Он с горечью написал об этом Головину и в ответ получил известие, что царь поручил ему самому вести переговоры с прусским королём и его министрами.

Окольными путями, затратив немало усилий и средств, Паткулю удалось выяснить, что Фридрих прусский состоит в тайных сношениях с Карлом XII и что он не склонен разрывать с ним отношения. Военная слава шведа всё ещё была на высоте. Тем паче что он приступил к Варшаве, затем скорым маршем направился в Саксонию по пятам испуганного Августа. Любитель охоты сам стал дичью. Август решился бросить завоевателю лакомый приз — польскую корону и тем спастись от полного и унизительного поражения.

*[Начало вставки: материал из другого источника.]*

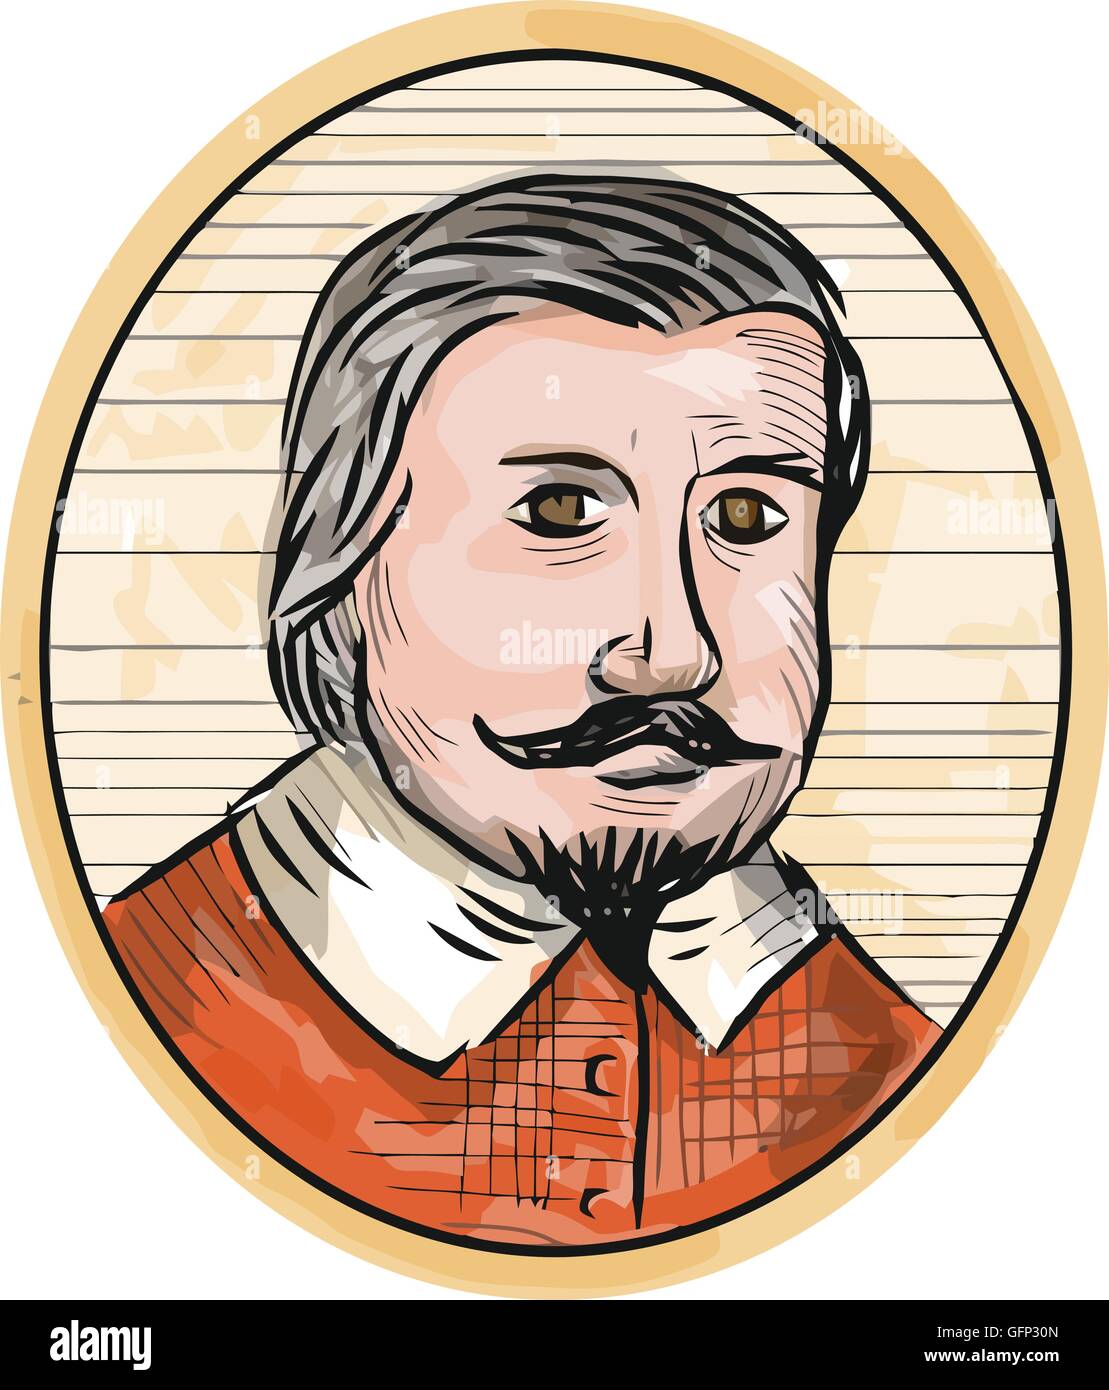 Darstellung eines mittelalterlichen adeligen Herren mit Bart und Schnurrbart mit Blick auf die vordere Reihe in ovaler Form in Retro-Holzschnitt Stil getan. Stock Vektor

В замке Альтранштадт под Лейпцигом был подписан тайный договор: Август отдавал польскую корону Станиславу Лещинскому, отказывался от союза с Петром, выдавал шведам русский корпус, находившийся в Саксонии, а также Паткуля, вероломно захваченного его министрами. Словом, подписал всё, что было продиктовано Карлом. Он, например, согласился содержать шведское войско на протяжении зимы, в чём отказывал своему союзнику Петру.

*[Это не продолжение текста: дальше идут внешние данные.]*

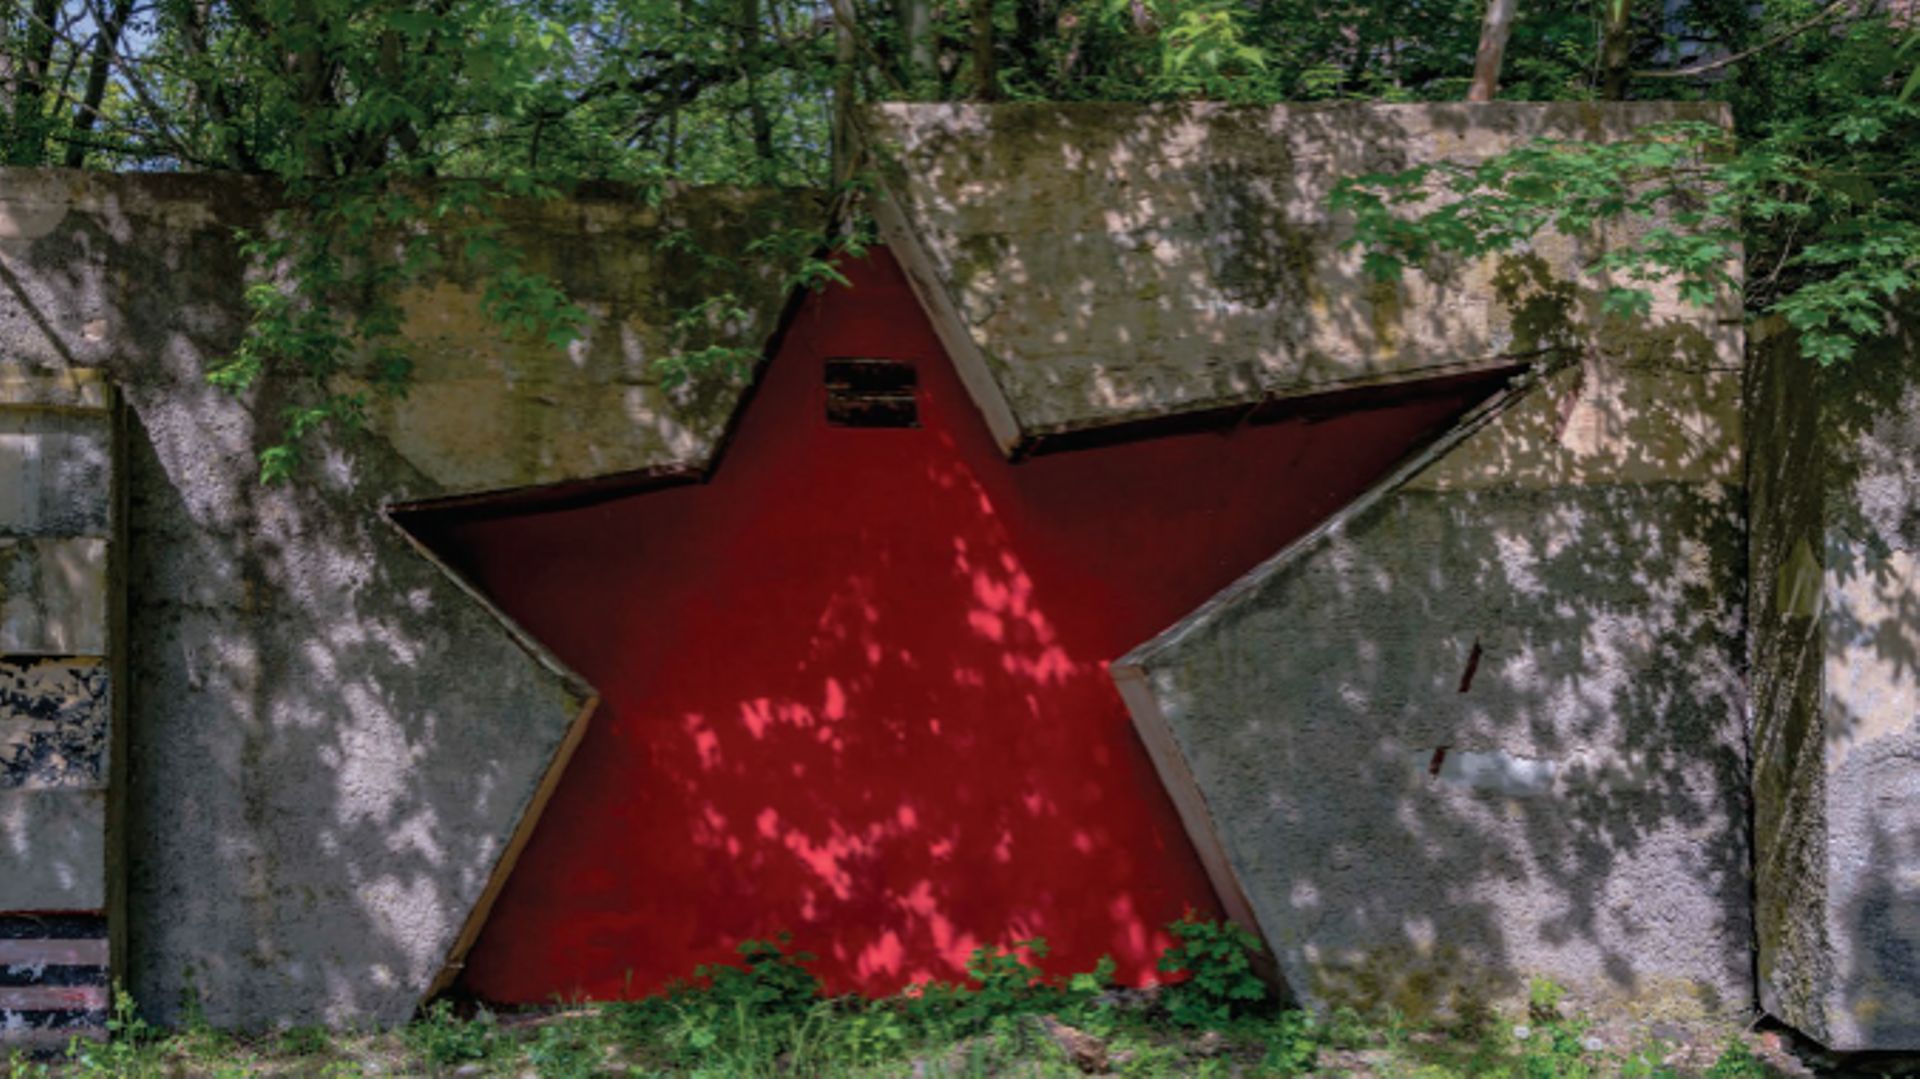 Une étoile rouge fraîchement repeinte, un monument abandonné célébrant la victoire soviétique contre l'Allemagne nazie se situe dans une ville de garnison non loin de Berlin

В Москве об этом до поры не ведали. Головин был занят другой докукой — бунтом в Астрахани. Там слух прошёл, что государь Божией волею помре, а начальные люди и воевода астраханский Тимофей Ржевский от православной веры отошли и в люторскую обратились: бороды бреют и голоногие ходят, стрельцов вконец извели, головы им посекли. Православному люду не стало житья от бесчинств воеводских — дерут последнее немилосердно.

Ударили в набат, похватали и покололи всех царских людей во главе с воеводою, особенно досталось иноземцам. И взялись поднимать казаков на Дону и на Яике.

Когда весть о бунте дошла наконец до Москвы, царь, находившийся, как всегда, в пути, повелел фельдмаршалу Шереметеву быть в Астрахани и бунт угасить всею силою. А надзирать за его действиями поручил Головину, дабы не запылали поволжские города и низовые земли.

Была ещё надежда покончить с бунтом миром. Послали переговорщика с царской грамотой. В ней призывалось к покорству и выдаче заводчиков. В противном случае бунтовщики все будут казнены смертию.

В конце концов явились к Москве челобитчики с повинною. Поклонились Головину — так, мол, и так: милуй нас, боярин, виноваты. Но и воеводы царские бесчинства над нами творили, вконец разорили народ, не стало нам от них житья.

Фёдор Алексеевич был по природе добрый человек. Видя такое покорство и слушая о воеводских и чиновных бесчинствах, он чуть не прослезился, думал: милосердием легче загасить бунт, нежели свирепостью. К тому ж склонялся и Шереметев, сообщавший царю, что казаки не склонны поддержать бунтовщиков. Головин получал от него подробные донесения о действиях.

И Шереметев, в свою очередь, написал царю так: «Довольно говорил я с челобитчиками, все кажутся верны и мужики добры. Изволь, государь, хотя себя понудить и показать к ним милость. А послать их к тебе надобно было непременно, понеже гораздо верно уверятся и во всяком страхе и в послушании будут, а нам лучшие воры немного верят. Только и в нас не без воров бывало».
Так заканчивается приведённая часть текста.